PDA

View Full Version : The Inviolability of Belief System (for jmercer in particular)


elliotfc
25th February 2005, 01:02 PM
I haven't initiated a new thread in at least a year, so kindly indulge me...and it's going to be roundabout, but that should be expected, so tough.

Jmercer, a solid poster, made some admirable comments about skepticism, in general, in a separate thread, so admirable that I want to open them up here and not within a thread that had to do with sex or something. :) Actually, I'll switch it around and talk about sex in a thread that ostensibly about belief systems or something. :)

A few years ago I had a confrontation with a professor (oh god I've had many) and this one got so messy that I was asked to leave the class. I actually apologized and didn't (yeah I folded like origami). Anyhow, it was about sex. In a literature class. I wish I could remember what led to the point she made...I can't...but she makes the *brilliant* declaration that rape isn't about sex. No, it's about power, patriarchal control. Actually I think we were talking about marriage. Anyhow, then I say "but rape is sex, how can it not be about sex"? And then she says "you really can't think of it as sex because it's all about power". And then I say "but couldn't *any* incident of sexual activity be about power if someone wanted to see it that way". Then she got pretty mad if I recall, and said something like "I'm not talking about anything else but rape. Rape is always about power". And then I said "but that doesn't mean that rape isn't also about sex". I was probably getting a bit animated at this point.

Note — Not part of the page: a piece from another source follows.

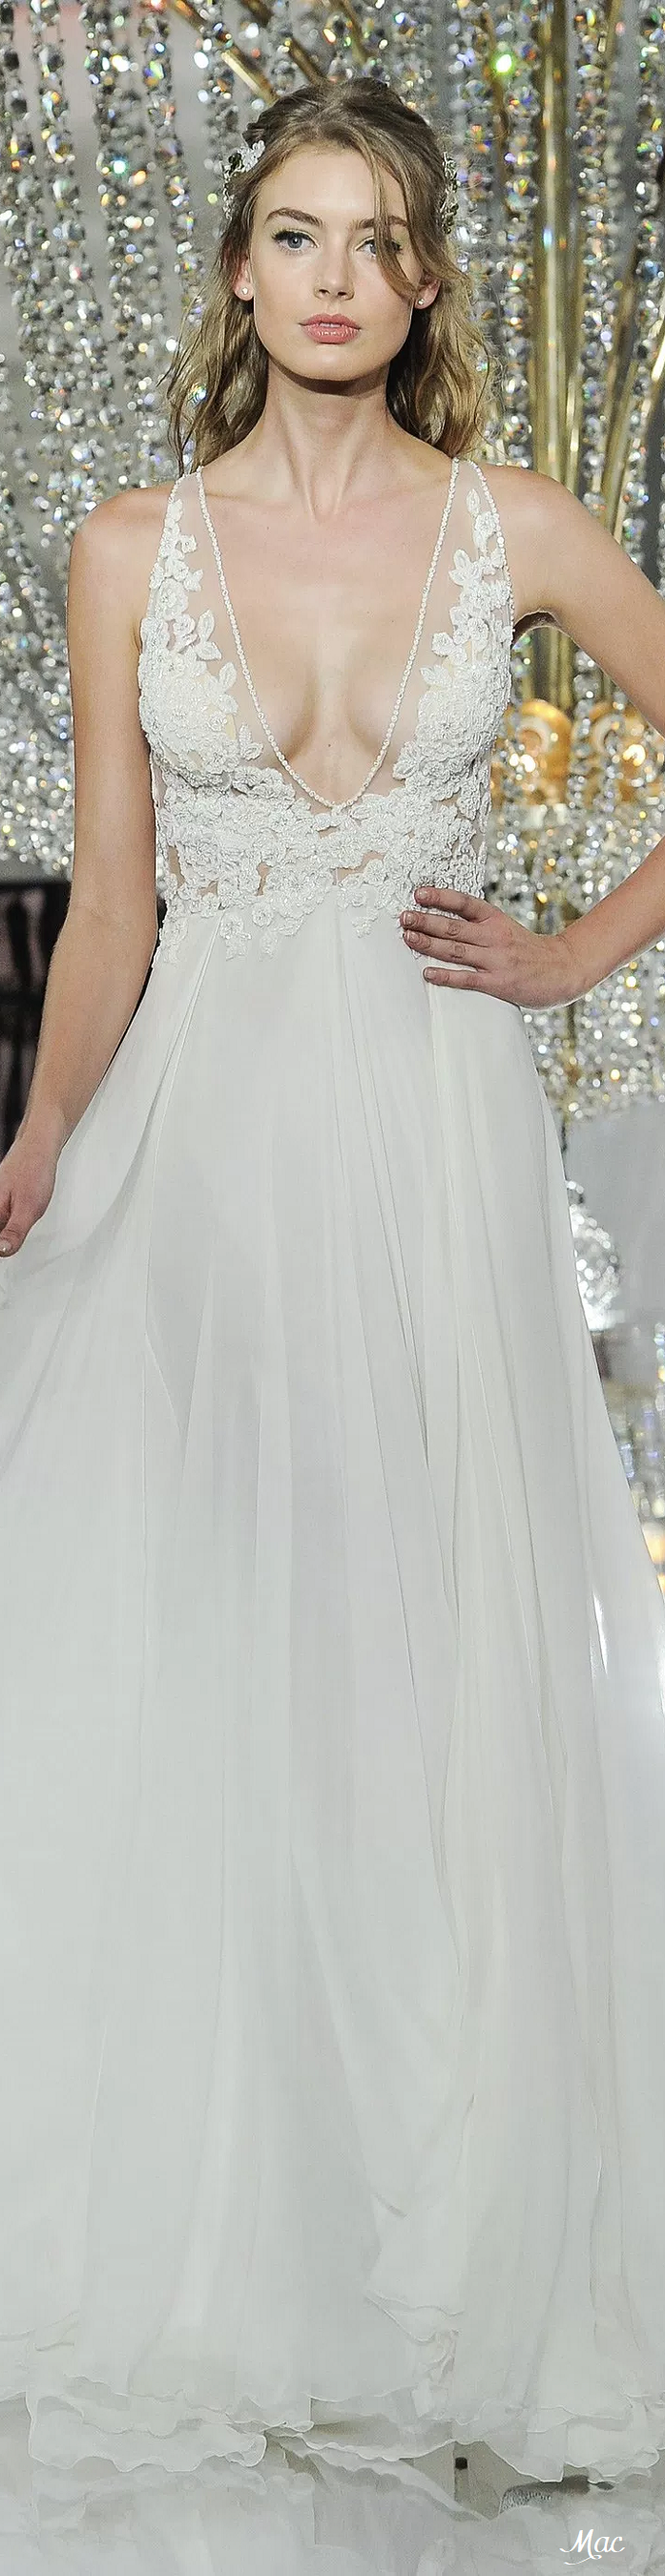 Fall bridal pronovias wedding dresses pinterest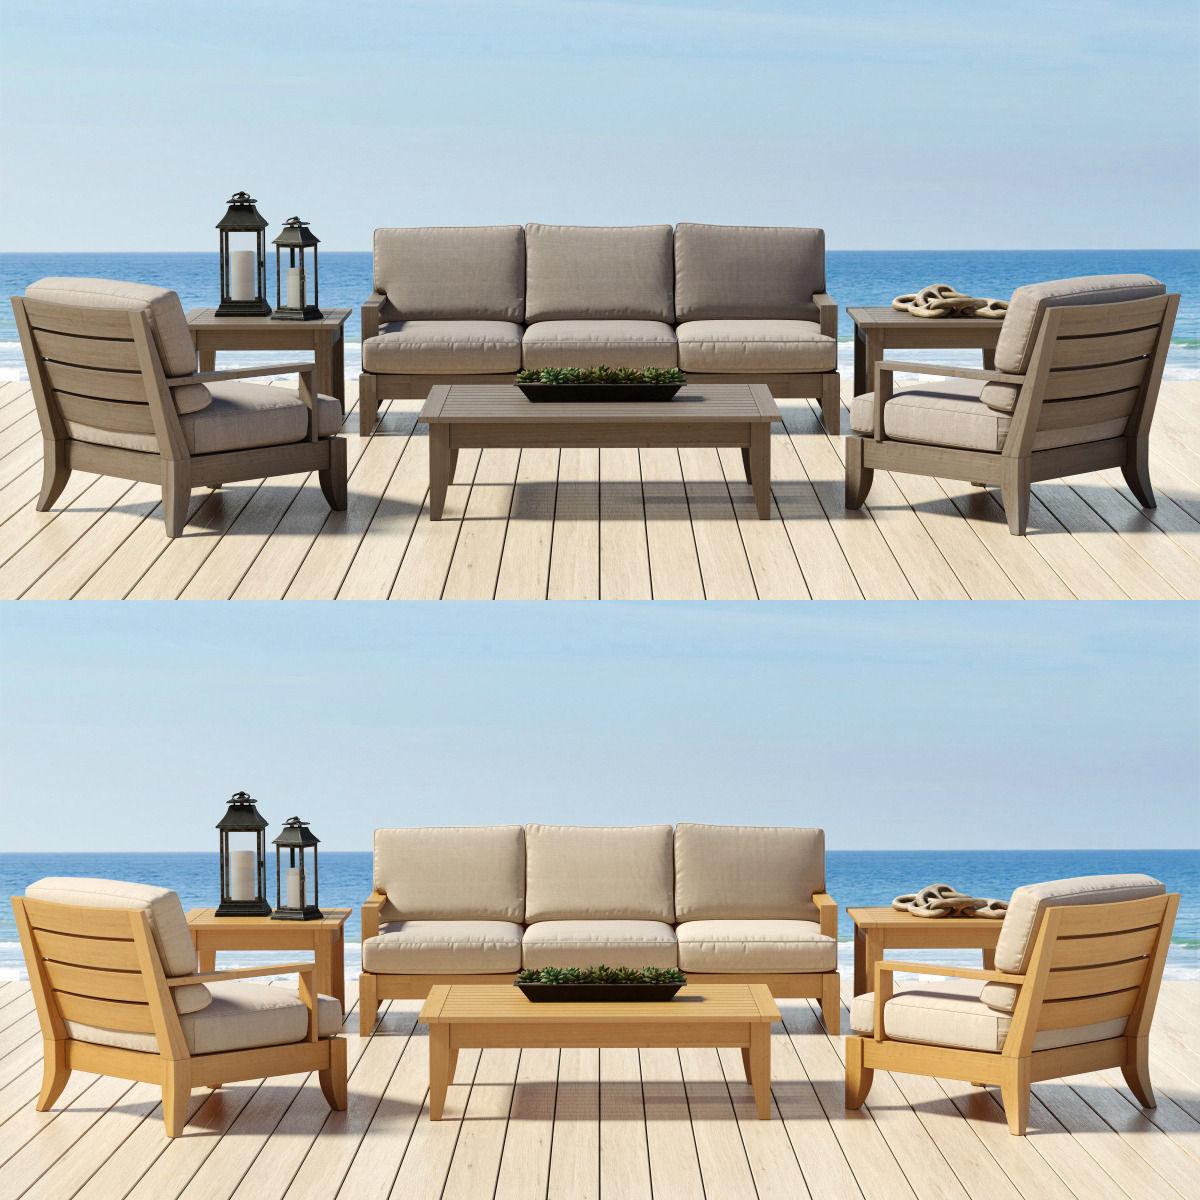 Haywards Patio Furniture Santa Barbara. Santa Barbara Patio Furniture    Restoration Hardware Collection 3d Model

Then it was more about patriarchy from her, and how sex is a tool for men and all this nonsense. I think I said what she was saying was bullsh*t, and I probably shouldn't have said that. Oh well!

Reflecting on it later that day, I realized that of course she did have a small point. Sure, rape is about power. It's important to understand that. But I couldn't really understand why she had to also say that it wasn't about sex? And I still can't understand it. But here's what I came up with...

If a person has a problem with moralizing, or moral systems, or religion, or whatever, it's a bit tricky to say that something is *wrong*. Like, anybody can say rape is *wrong*. Nothing brilliant about that. But, it is brilliant to indict something in the way that she did. Sex is inviolable after all, that's the modern position. And if you can't moralize it (this sex is bad, this sex is good) you can *exculde* some sexual activities from the umbrella sex. The bad kinds of sex? They aren't sex! This way sex can be *freed* from morality. Brilliant!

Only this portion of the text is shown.